Create a Snowpark Pipeline
Create a Dataflow Using Snowpark Transforms
In this guide, we'll be working to recreate the Snowflake Quickstart Guide. If you haven't done so already, it is recommended to work through the create a Taxi Domain and create a Weather Domain guides for a more general introduction (and to set up an S3 connection).
Step 1: Create the Read Connectors
First, we'll pull in some data to use for our dataflow from an S3 bucket.
Create the CAMPAIGN_SPEND Read Connector
Select Read Connector from the CREATE menu on the tool panel. Select the Sample Datasets connection made in create a Taxi Domain and select USE. On the next screen, hit the Skip and Configure Manually option.

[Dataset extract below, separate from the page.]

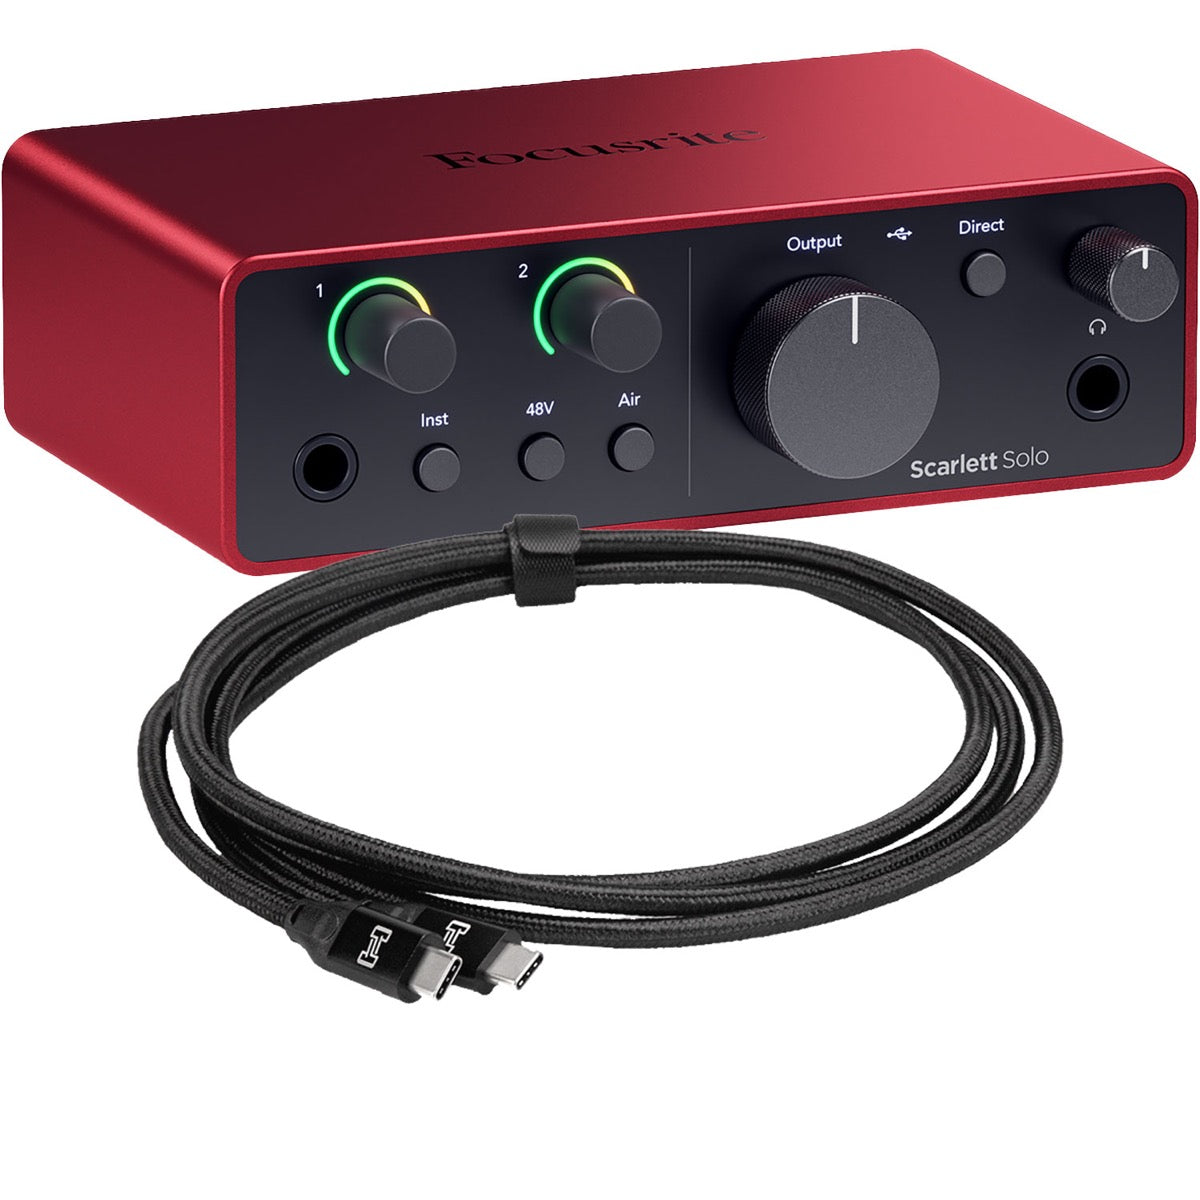 Review: New Focusrite Scarlett 4th Gen audio interfaces are here
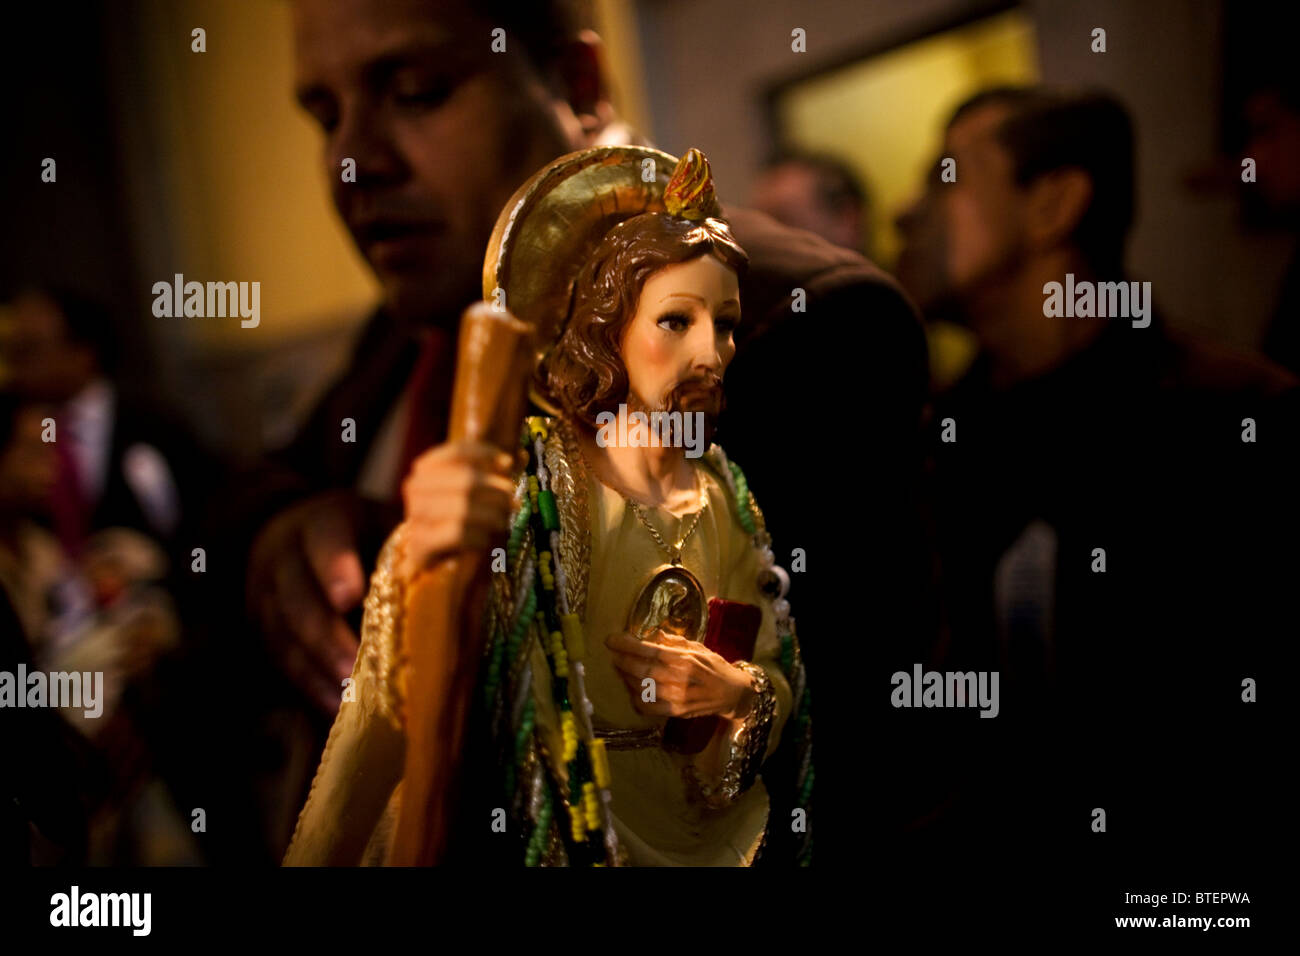 A pilgrim holds a sculpture of Saint Jude Thaddeus during a mass in San Hipolito church in Mexico City Stock Photo

On the Connector Configuration screen, fill the following fields with their respective values:
Field | Value |
---|---|
NAME | CAMPAIGN_SPEND |
OBJECT PATTERN MATCHING | Match |
OBJECT PATTERN | snowpark-quickstart-with-ascend/campaign_spend.csv |
PARSER | CSV |
FILES HAVE A HEADER ROW | Check this box. |
Once all these fields have been filled, click the Generate Schema button. Once the preview of the records appears, click the Type column value right of the DATE value (the value should be String until a dropdown menu appears, and select Date. The before and after are below:
Once the preview of the records appears, you can hit the CREATE button on the top right.
Create the MONTHLY_REVENUE Read Connector
Repeat the steps above for another connector but using the following values instead:
Field | Value |
---|---|
NAME | MONTHLY_REVENUE |
OBJECT PATTERN MATCHING | Match |
OBJECT PATTERN | snowpark-quickstart-with-ascend/monthly_revenue.csv |
PARSER | CSV |
FILES HAVE A HEADER ROW | Check this box. |
MODE | PERMISSIVE |
Step 2: Create the Transforms
Next, we'll work with the CAMPAIGN_SPEND and MONTHLY_REVENUE data to create a set of transforms using Snowpark. This set of transformations, which is listed below, will include aggregations and joining two dataframes:
- SPEND_PER_CHANNEL: This transform will group the data from CAMPAIGN_SPEND by the Year, Month, and Channel columns
- SPEND_PER_MONTH: This transform will pivot the information in the Channel column from SPEND_PER_CHANNEL to aggregate the total cost by year and month per individual channel
- REVENUE_PER_MONTH: This transform will group the revenue by the Year and Month columns
- SPEND_AND_REVENUE_PER_MONTH: This transform will join REVENUE_PER_MONTH with SPEND_PER_MONTH
Create the SPEND_PER_CHANNEL Transform
From the CAMPAIGN_SPEND read connector, left-select the vertical ellipsis and select Create new Transform. Name the transform SPEND_PER_CHANNEL and fill in the following fields with their respective pieces of information:
Field | Value |
---|---|
NAME | SPEND_PER_CHANNEL |
HOW WILL YOU SPECIFY THE TRANSFORM? | Snowpark |
WHICH UPSTREAM DATASET WILL BE INPUT[0]? | CAMPAIGN_SPEND |
HOW WILL PARTITIONS BE HANDLED? | Map all Partitions One-to-One |
Once these options are filled out, you should now have an inline code editor available. There, the following code can be input:
from snowflake.snowpark.session import Session
from snowflake.snowpark.dataframe import DataFrame
from snowflake.snowpark import functions as F
from snowflake.snowpark import types as T
from typing import List
def transform(session: Session, inputs: List[DataFrame]) -> DataFrame:
"""Transforms input DataFrame(s) and returns a single DataFrame as a result
# Arguments
session -- A connection with a Snowflake database and provides methods for creating DataFrames
and accessing objects for working with files in stages.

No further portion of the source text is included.